— What the task asks —
Every line of the listing below is to be duplicated exactly, with the pictures left out.

— Exercise data —
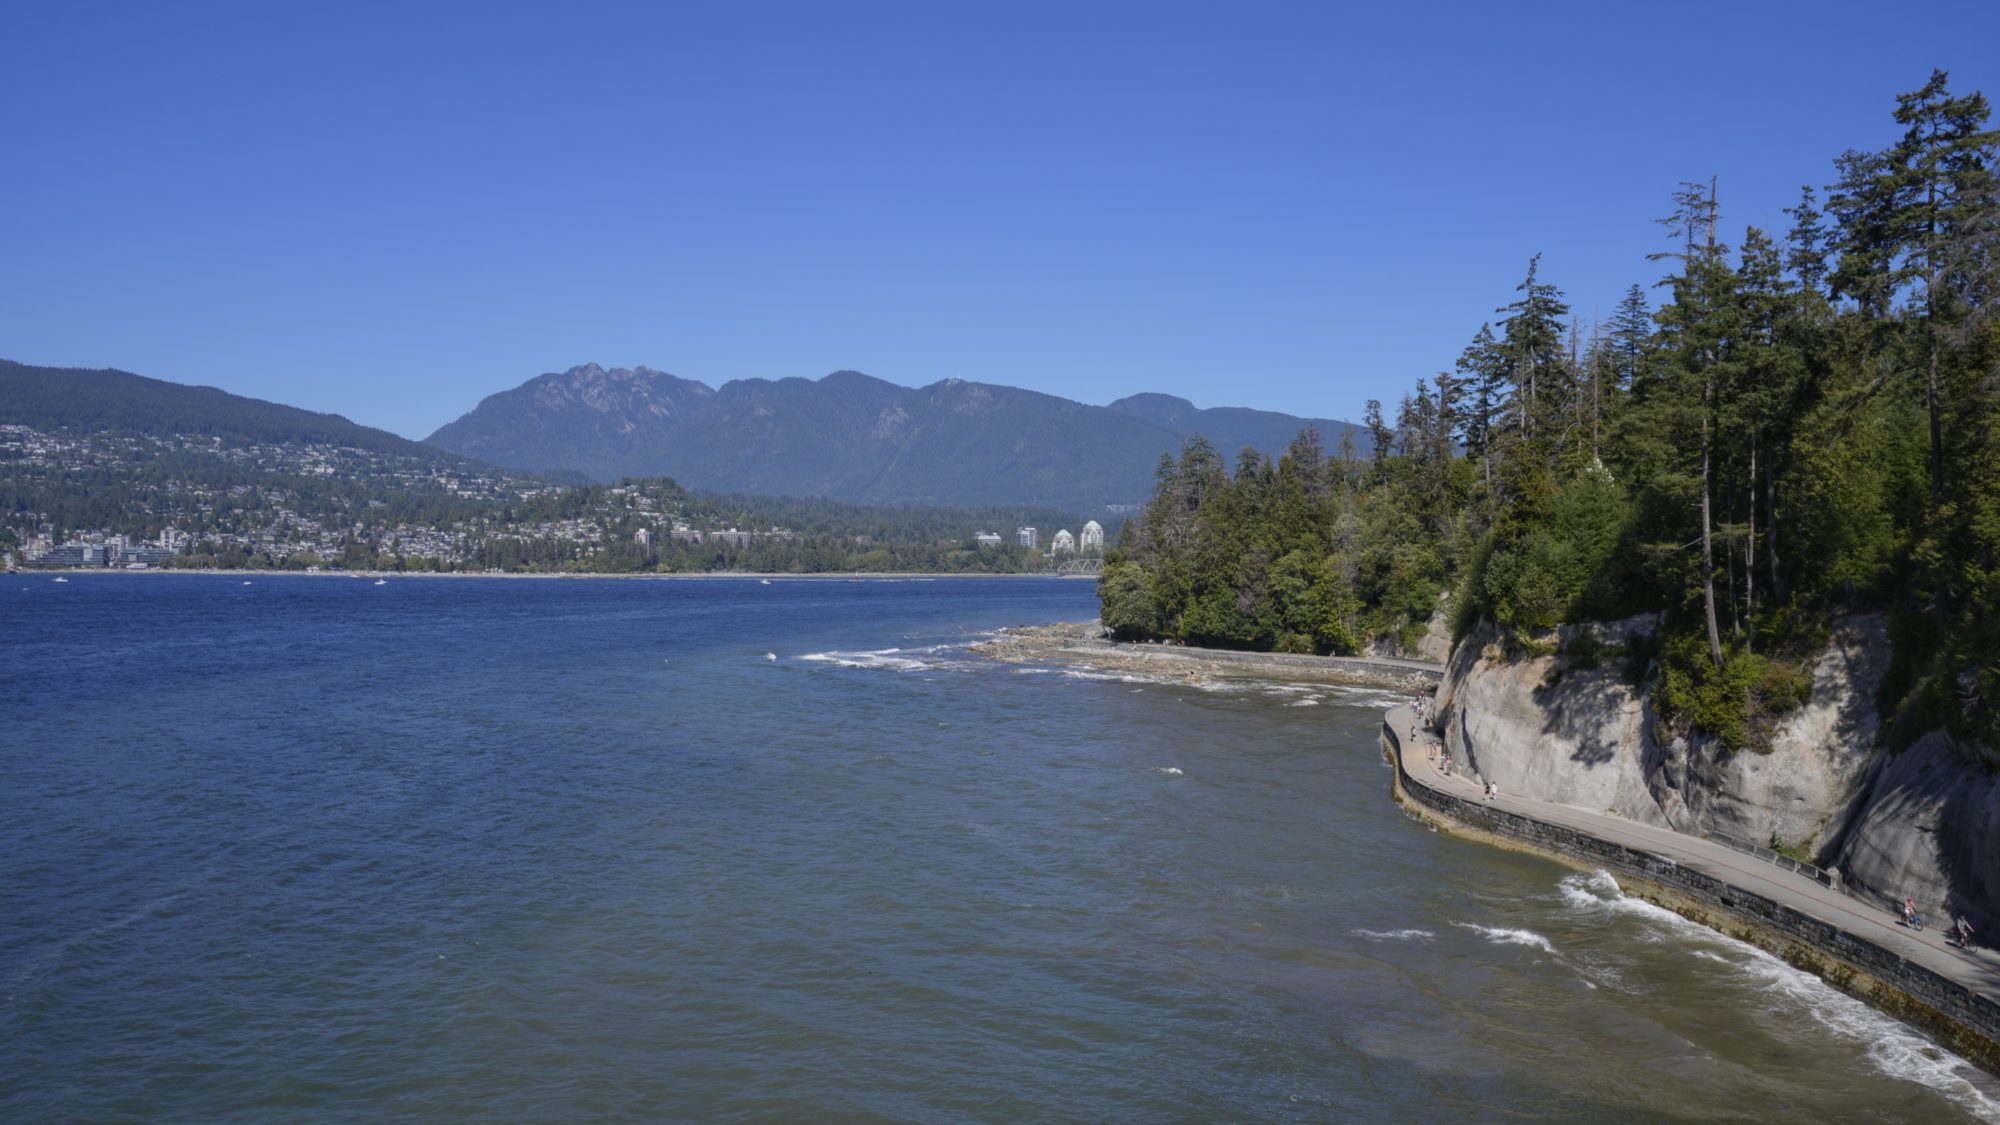 Part of the Stanley Park Seawall, and North Vancouver in the background
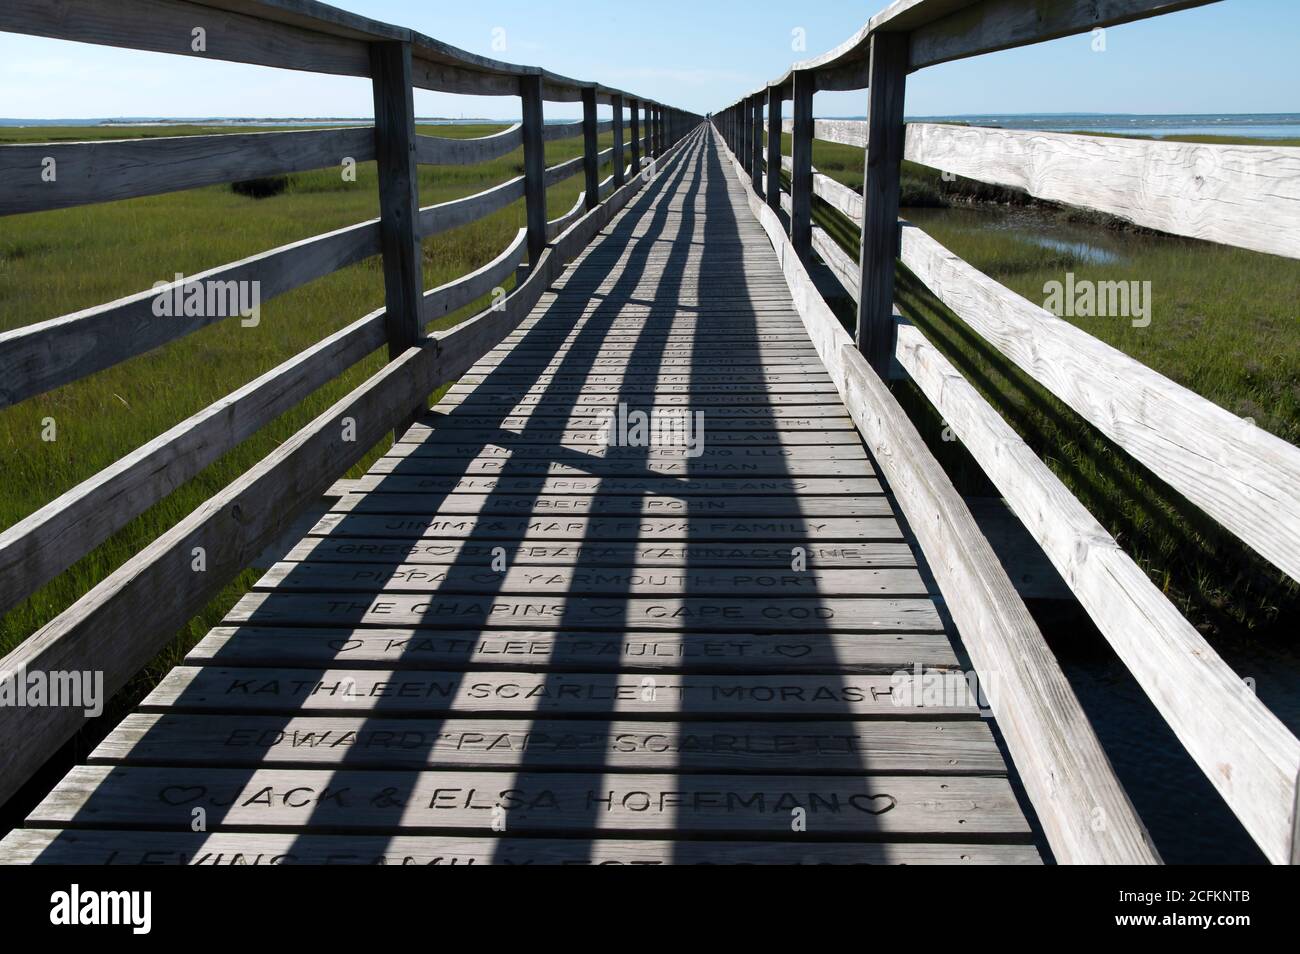 Shadows play a role in design at a Cape Cod boardwalk. Stock Photo
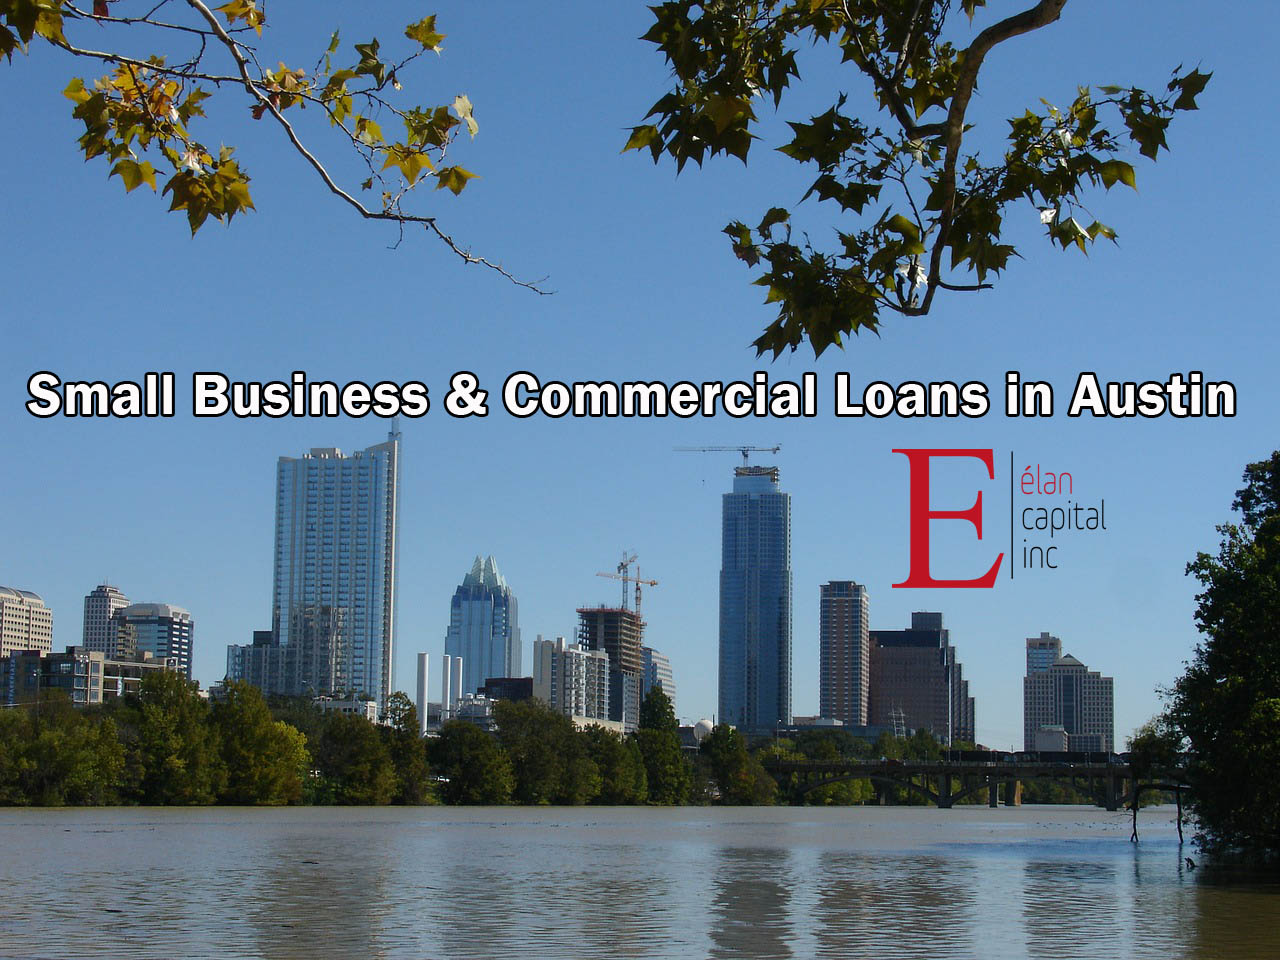 Small Business and Commercial Loans in Austin - Elan Capital

— Solved exercise —
 Part of the Stanley Park Seawall, and North Vancouver in the background
 Shadows play a role in design at a Cape Cod boardwalk. Stock Photo
 Small Business and Commercial Loans in Austin - Elan Capital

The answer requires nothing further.